Hello, dear friend, you can consult us at any time if you have any questions, add WeChat: daixieit

PSTAT 105: Assignment 3

2022

All four of these questions require R to draw plots and do the calculations.  Please include the R and your answers to the questions together in your report.

1. The Probability Department decrees that all courses are to be graded in such a way that the grades (as percentages) follow a beta distribution with α = 6 and β = 2. In Prof. Smirnov’s course, he gives the following grades

40%    71.7%    81.7%    83.3%    93.3%    97.5%

(a) Draw a plot comparing the CDF of the beta distribution to the Empirical CDF of this data.

(b) Draw a plot of the function Gn (t) = ^n (Fn (t) − t) where Fn  is the empirical CDF of the data

(c) Use the ks .test function to test the null hypothesis that the data is from a beta(6 , 2) distribution and calculate an exact P-value.

(d) What do you conclude?

(e) Why would it be difficult to apply a χ2  test to this data?

2. I am interested in testing whether major earthquakes are more likely during certain times of the day. The USGS NEIC database provides a file EarthquakeData .htm which contains information about nearly all earthquakes of more than 6.0 on the Richter scale for dates from 2001 to 2012. You will need to do some data coding and interpretation to read in the times properly.  I urge you to be careful in inputting the data.

(a) Plot a histogram of the times with bars 15 minutes wide.

(b) Use a χ2   test to determine if the hour of the day that the earthquakes originate is equally

distributed among the 24 hours.

(c) Write some R code which will calculate the Kolmogorov–Smirnov statistics Dn(+)  and Dn(−) for testing that the times are uniformly distributed throughout the day. Find D .

(d) Calculate an approximate P–value for this hypothesis test using the Brownian Bridge approxi- mation we discussed in lecture.

3. Grete Heinz and Louis J. Peterson, at San Jose State University and at the U.S. Naval Postgraduate School in Monterey, California, took measurements from 507 subjects. Part of their data set is in the file shoulder .txt which includes the width of each subjects shoulders. We want to test if this data is normally distributed. We will be using the library nortest to perform these tests.

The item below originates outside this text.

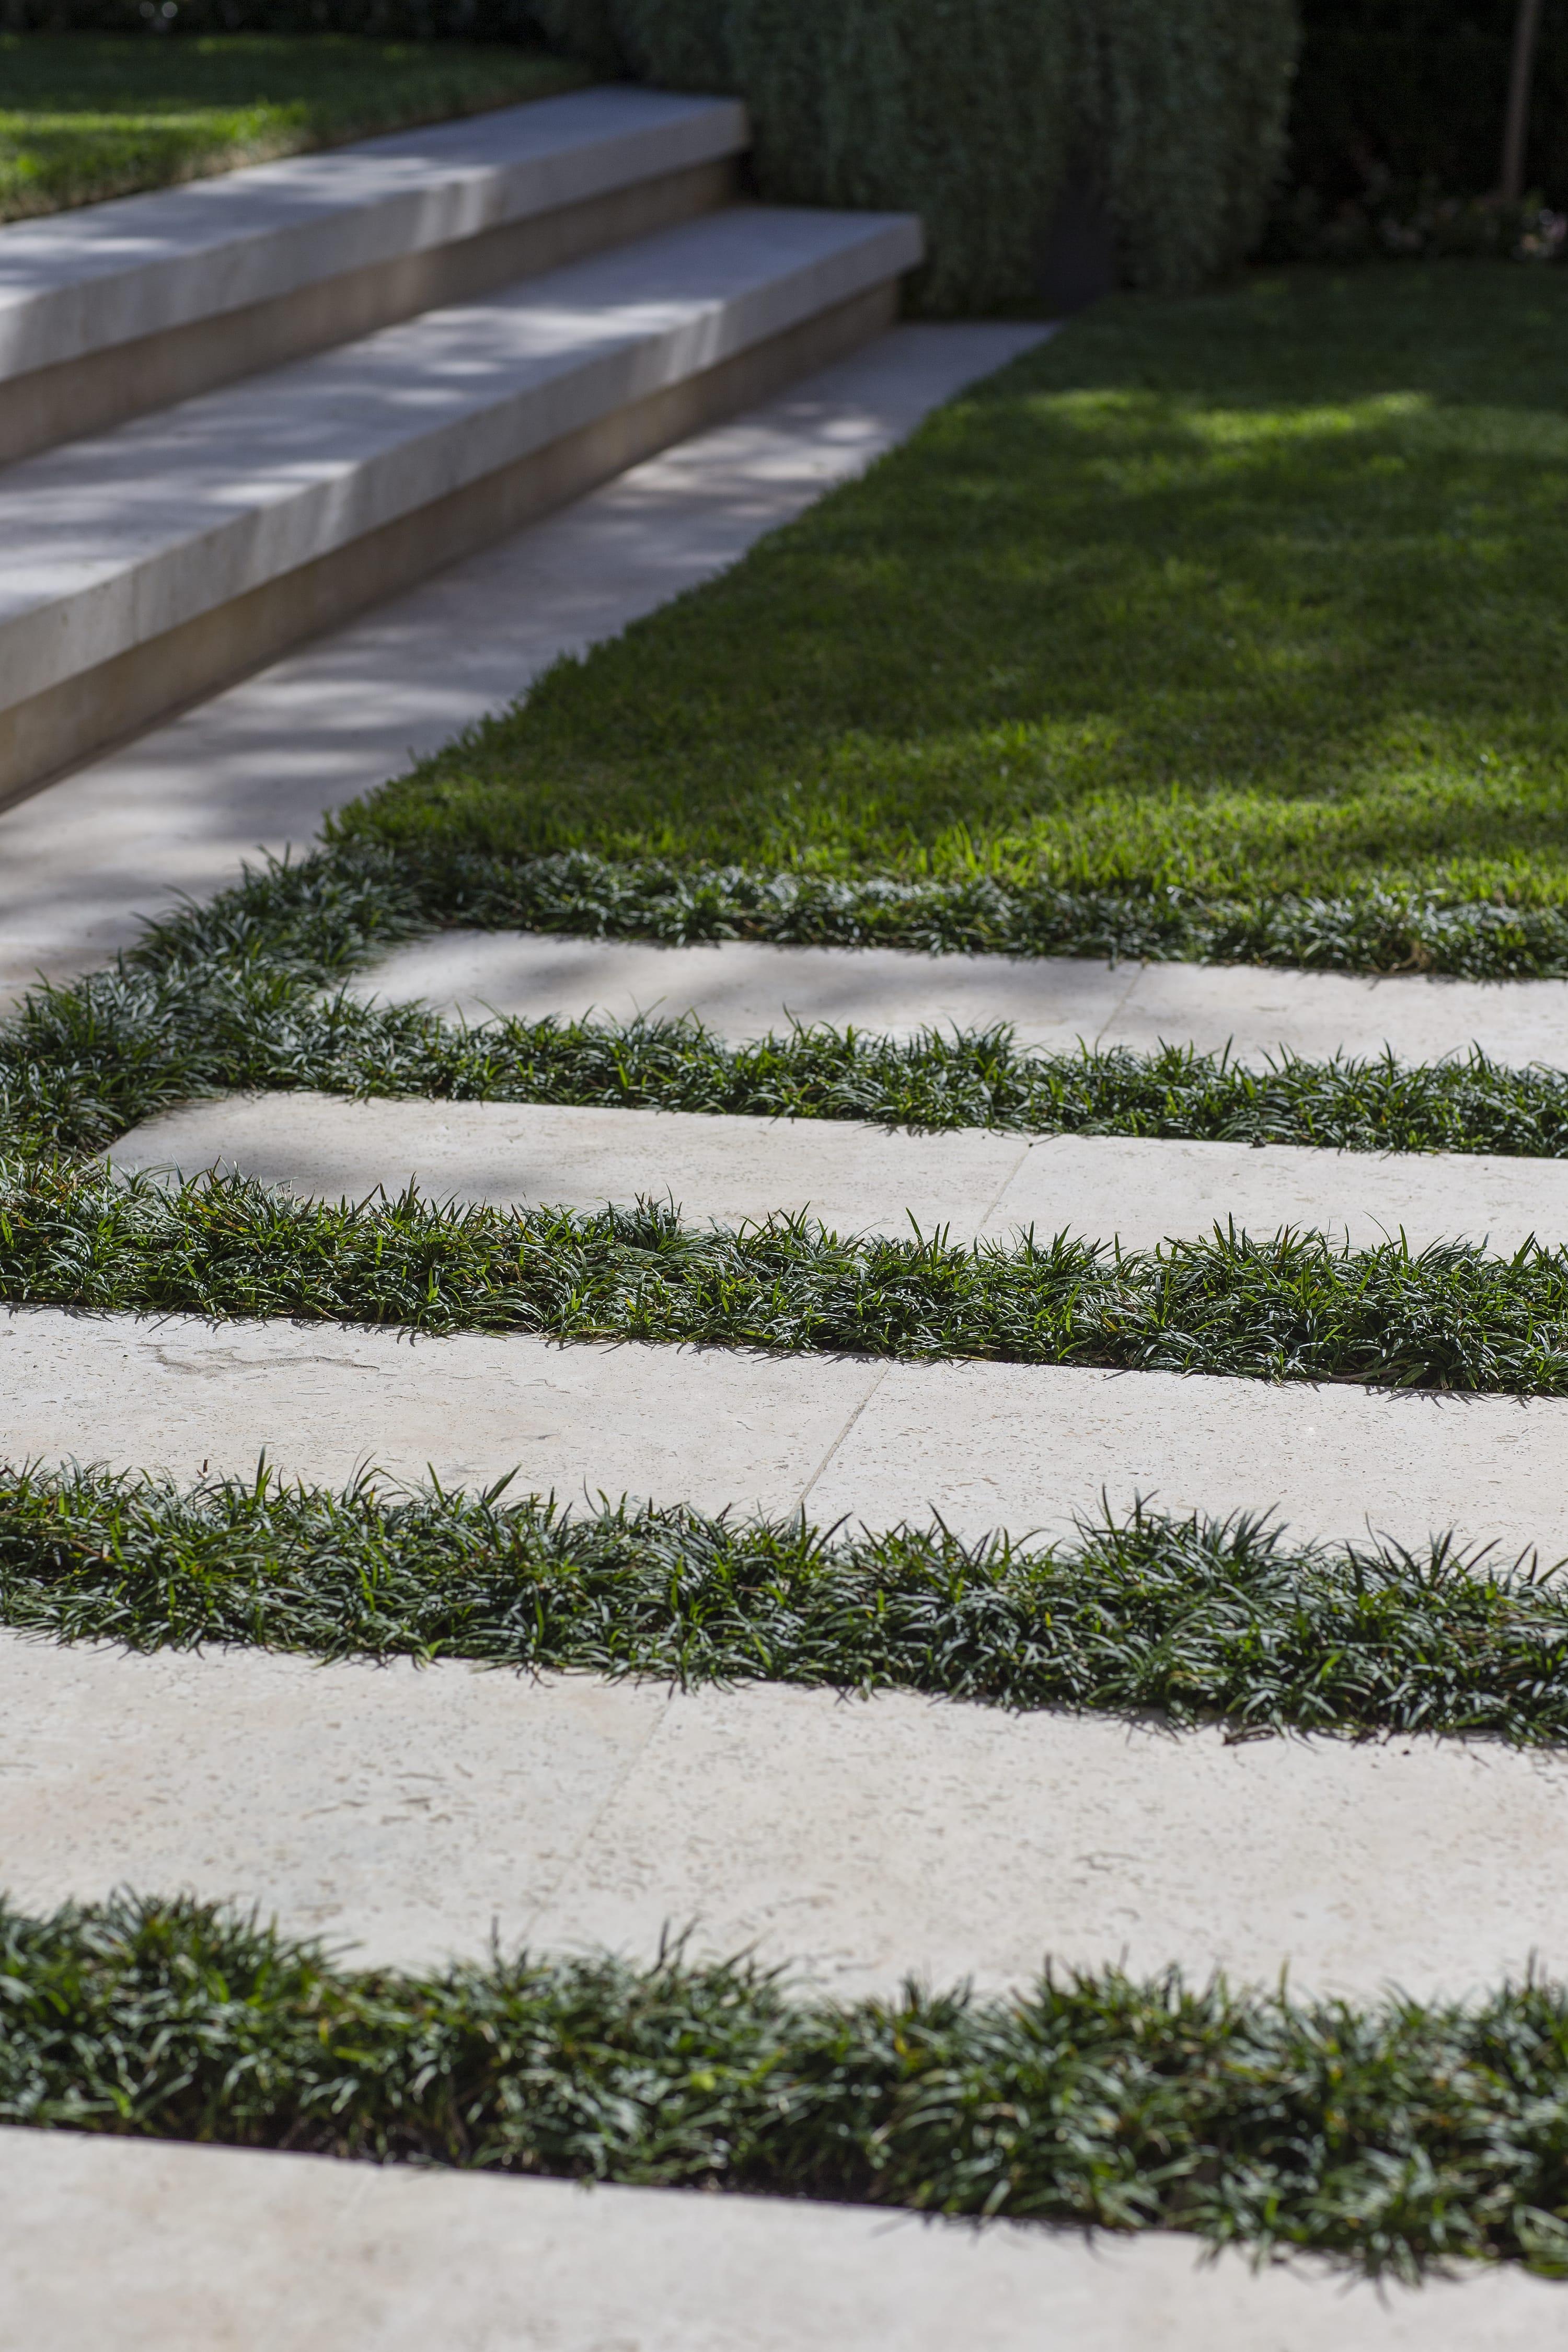 Paved backyard design with greenery

(a) Plot a histogram of the shoulder data using a number of breaks that you think is appropriate.

Draw the density of a normal distribution with the same mean and variance over the histogram for comparison.

(b) Use lillie .test, cvm .test, and ad .test to test whether or not this data is from a normal

distribution. What do you conclude?

(c) I’m concerned that the fact that men and women have different general body sizes may be causing a problem with our test. Re-run the normality tests on just the men and just the women separately. What do you conclude?

(d) I hate to divide a data set into two parts. I really want to perform one test using all of the data. We could calculate the mean for the male subjects and the mean for the female subjects. Then, subtract these means from the data points so that we move the two populations on top of each

other. (This is like taking the residuals from an ANOVA model.)

Try the normality tests on this new set of data. What do you conclude?

(e) Do you think it would be reasonable to assume a normal distribution and perform a two-sample

t-test using this data? Why?

4. Use a Kolmogorov–Smirnov test to test whether the distribution of birthdays in the basketball data from last week is uniformly distributed across the year (you can focus on only the players from after 1955.) Please describe your analysis and conclusion.